Given data:

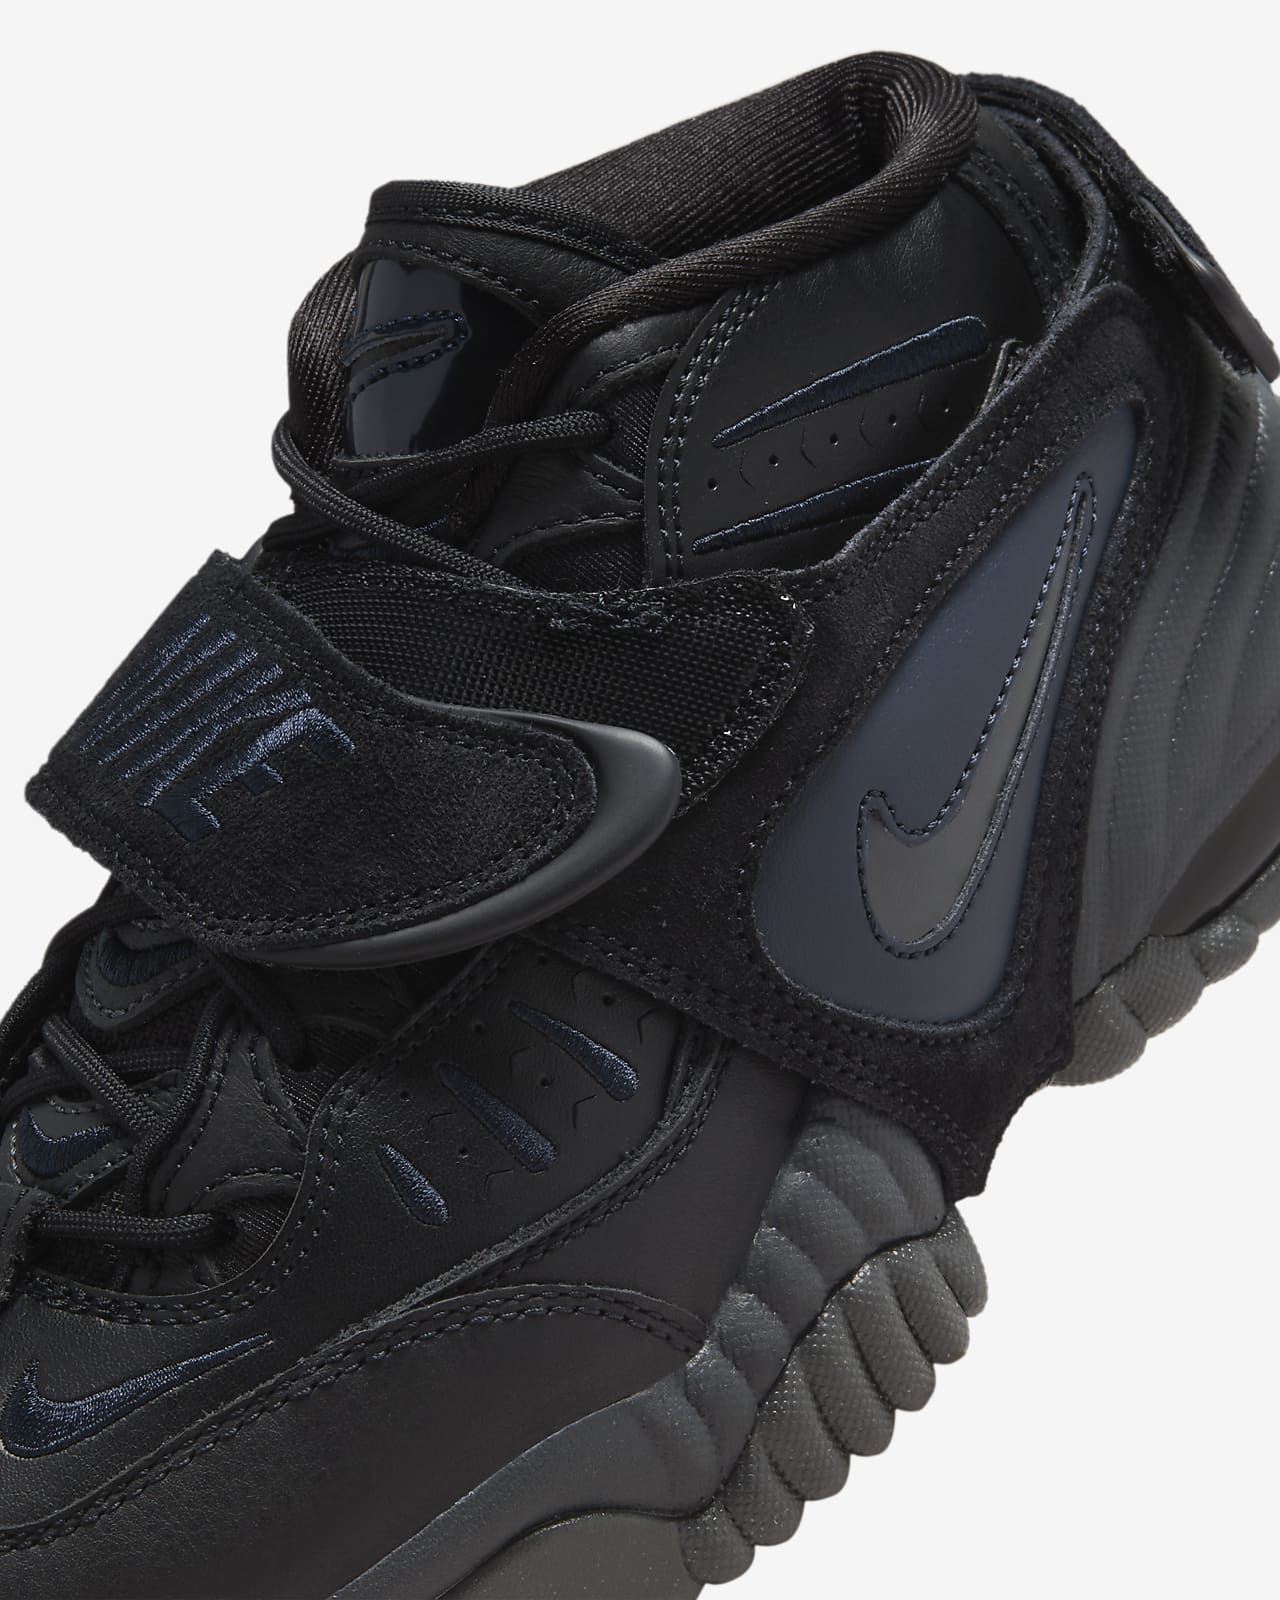 The Nike Air Barrage Low has returned in a near original Black
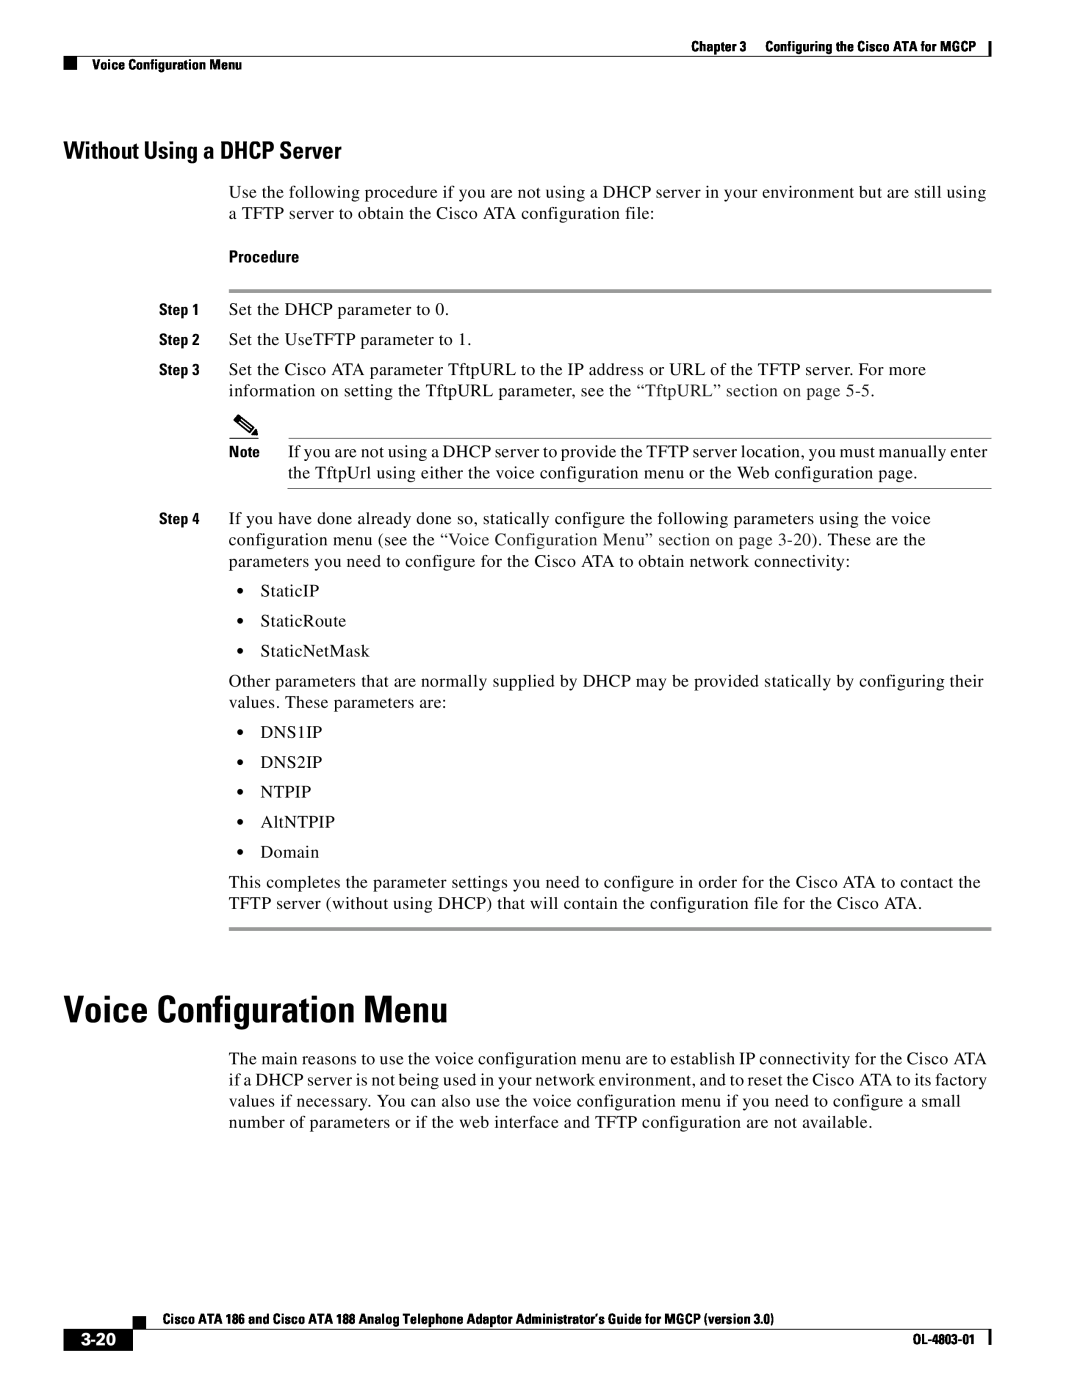 Cisco Systems ATA 186 manual Voice Configuration Menu, Without Using a DHCP Server, 3-20, Procedure 
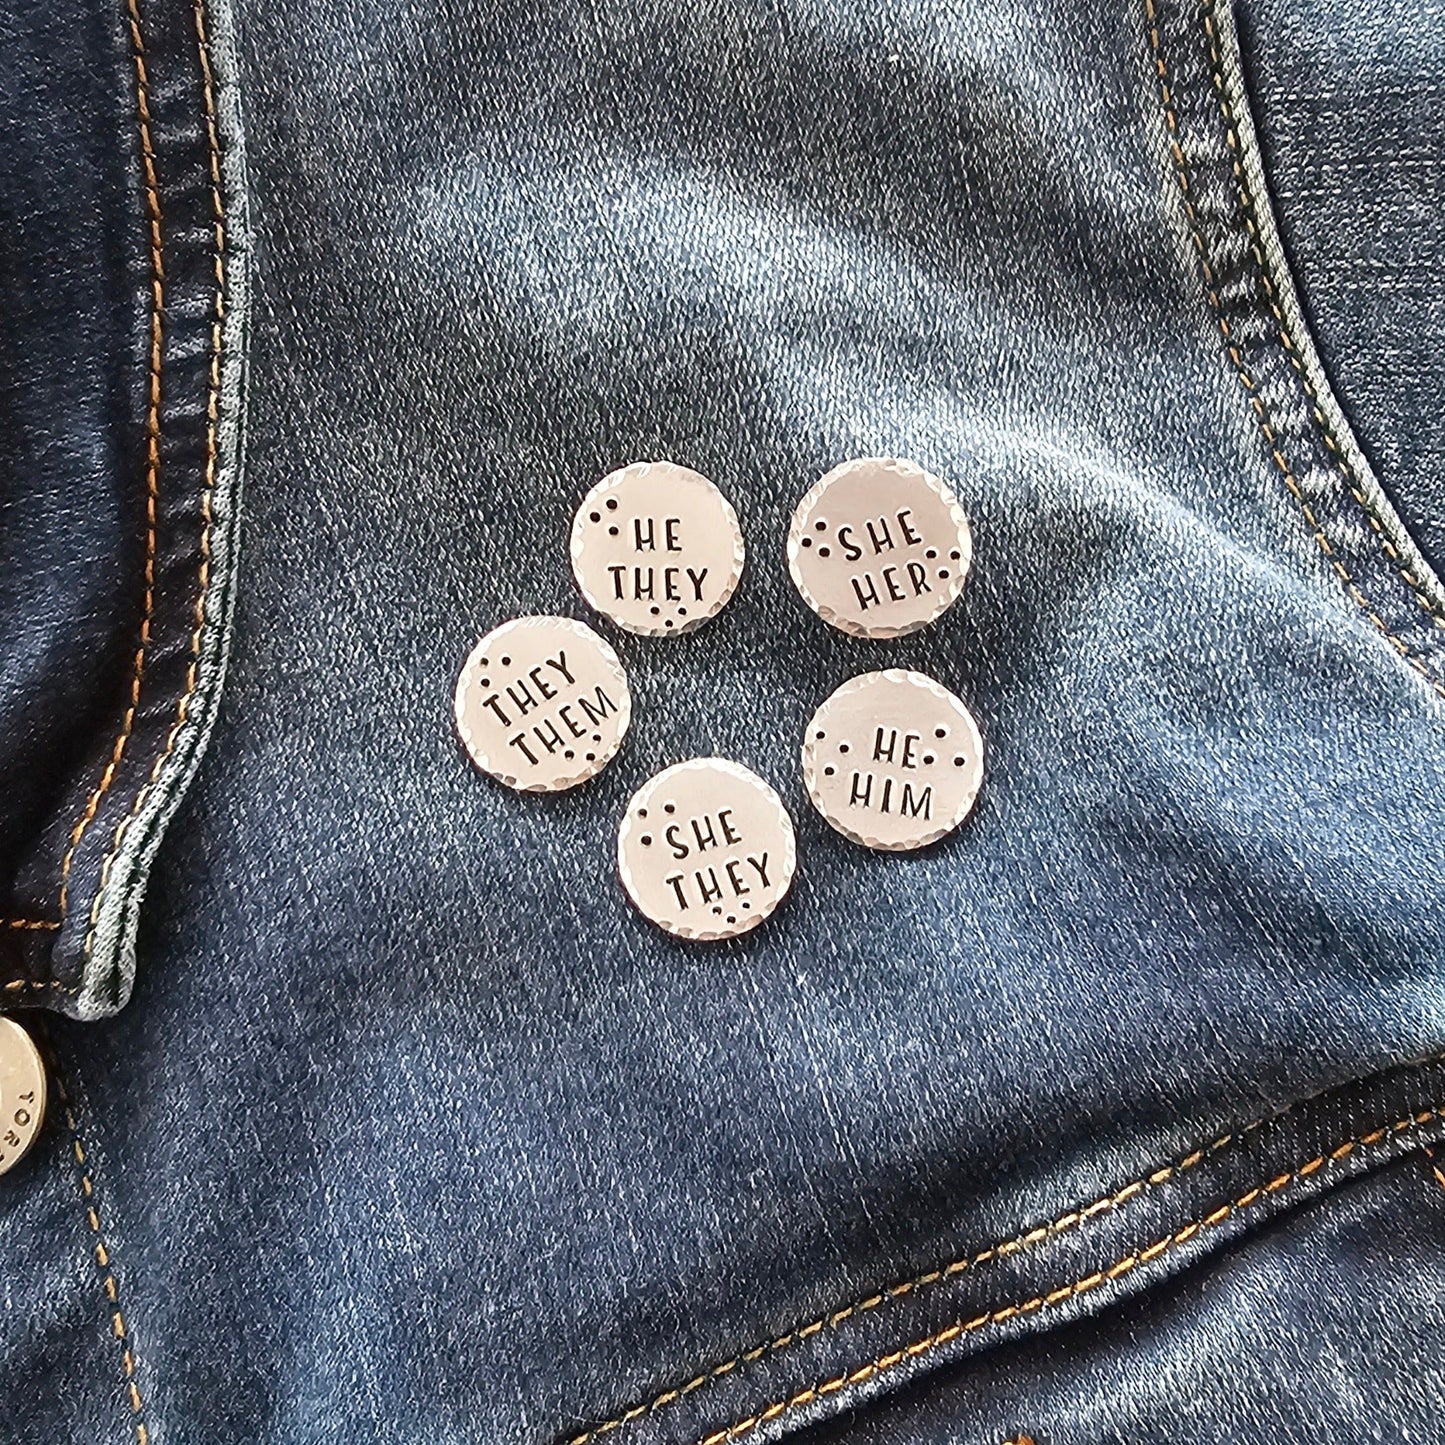 5 silver disc pins on a jean jacket. Each pin has different pronouns hand stamped onto the disc. They them, He They, She Her, She They, and He Him

What the exercise asks:
Only an exact copy of the lines from the one with "Cisco Systems ATA" through the last line of the data above is wanted, and no pictures.

Task output:
 Cisco Systems ATA 186 manual Voice Configuration Menu, Without Using a DHCP Server, 3-20, Procedure 
 5 silver disc pins on a jean jacket. Each pin has different pronouns hand stamped onto the disc. They them, He They, She Her, She They, and He Him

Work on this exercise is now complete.